By the end of this tutorial, you will be able to design and provision a cellular architecture on Microsoft Azure. We will utilize Azure Front Door as the global ingress, Azure Functions (Python) for dynamic traffic routing and compute, and Azure Cosmos DB for isolated state management. Mastering this pattern on Azure not only hardens your current workloads but also reinforces foundational multicloud principles, as the concepts of decoupled routing and state isolation are directly transferable across different cloud providers in a unified enterprise landscape.

2. Prerequisites

To execute the configurations and code in this tutorial, ensure you have the following tools and access levels:

  • An active Microsoft Azure subscription with Owner or Contributor permissions to create Resource Groups, Cosmos DB accounts, Azure Functions, and Azure Front Door.
  • Terraform CLI (version 1.0 or higher) installed locally for provisioning the Infrastructure as Code (IaC).
  • Python (version 3.9 or higher) installed locally, along with the Azure Functions Core Tools for local development and packaging.
  • Azure CLI installed and authenticated (az login) on your local environment.
  • Fundamental understanding of partitioning concepts and Terraform HCL syntax.

3. Step-by-Step

Before diving into the infrastructure code, let's visualize the execution flow.
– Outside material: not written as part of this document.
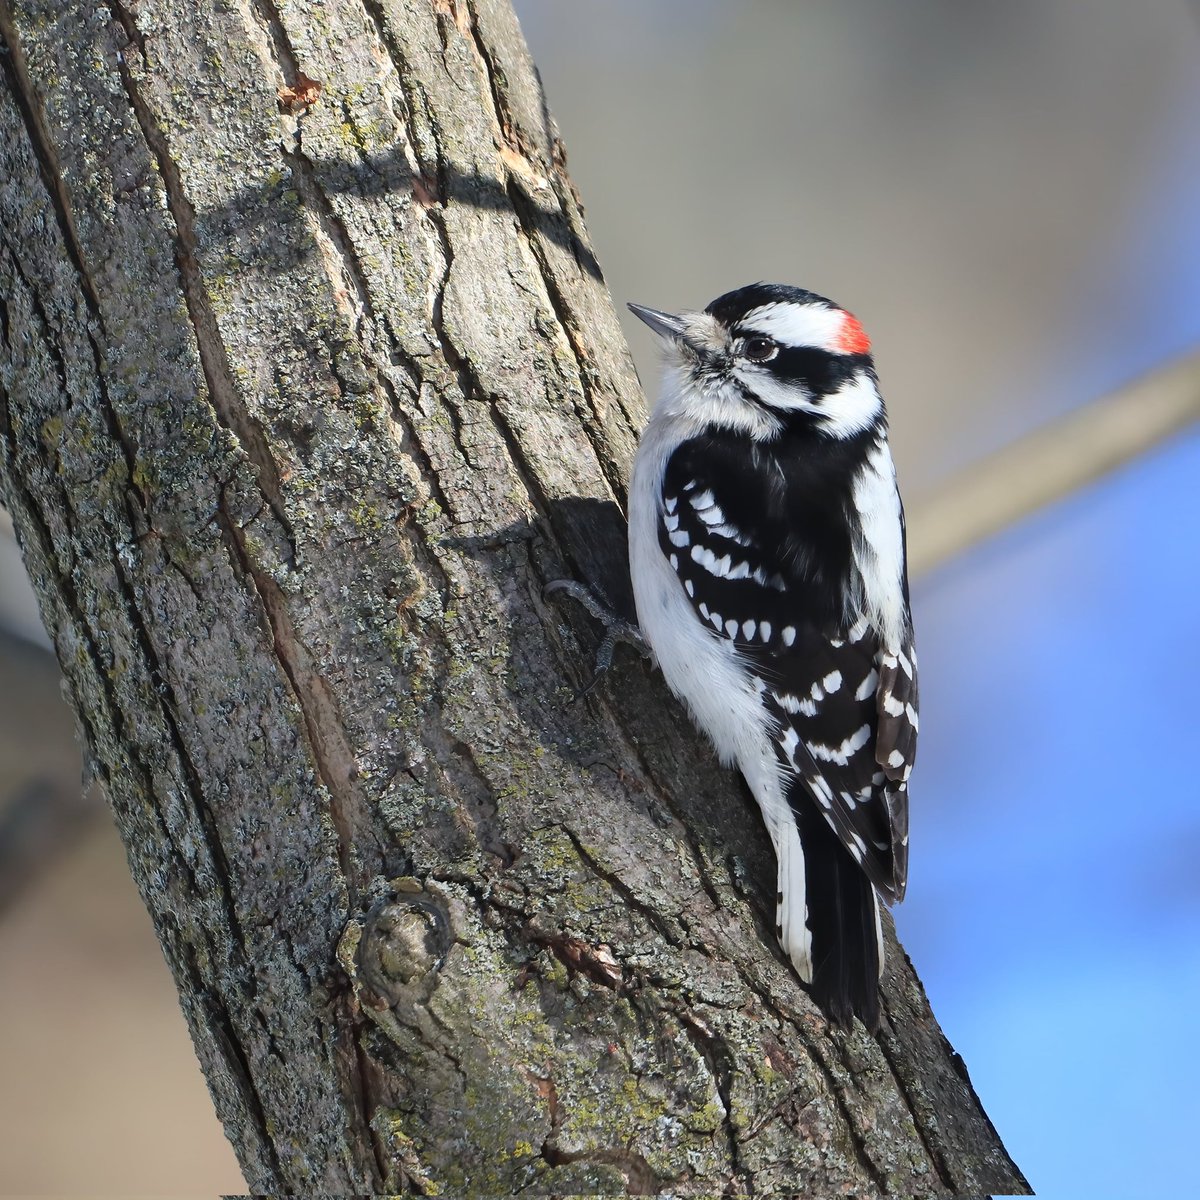 Our little downy woodpeckers are the friendliest woodpeckers!
#maledownywoodpeckers #maledownywoodpecker #downywoodpeckers #downywoodpecker #birds #woodpecker #woodpeckers #ohiobirding #friendly #beavercreekohio #birdlove #beavercreekbirding #birding #ohiobirdworld #birdwatchers

The sequence diagram below details how a global request is securely intercepted, evaluated, and forwarded to a strictly isolated cellular stack within Azure.

Sequence Diagram

3.1 Defining the Cell Blueprint (Terraform Module)

What to do: Create a reusable Terraform module representing a single, isolated "Cell." This includes a dedicated Storage Account, Application Service Plan, Azure Function (Worker), and a Cosmos DB database.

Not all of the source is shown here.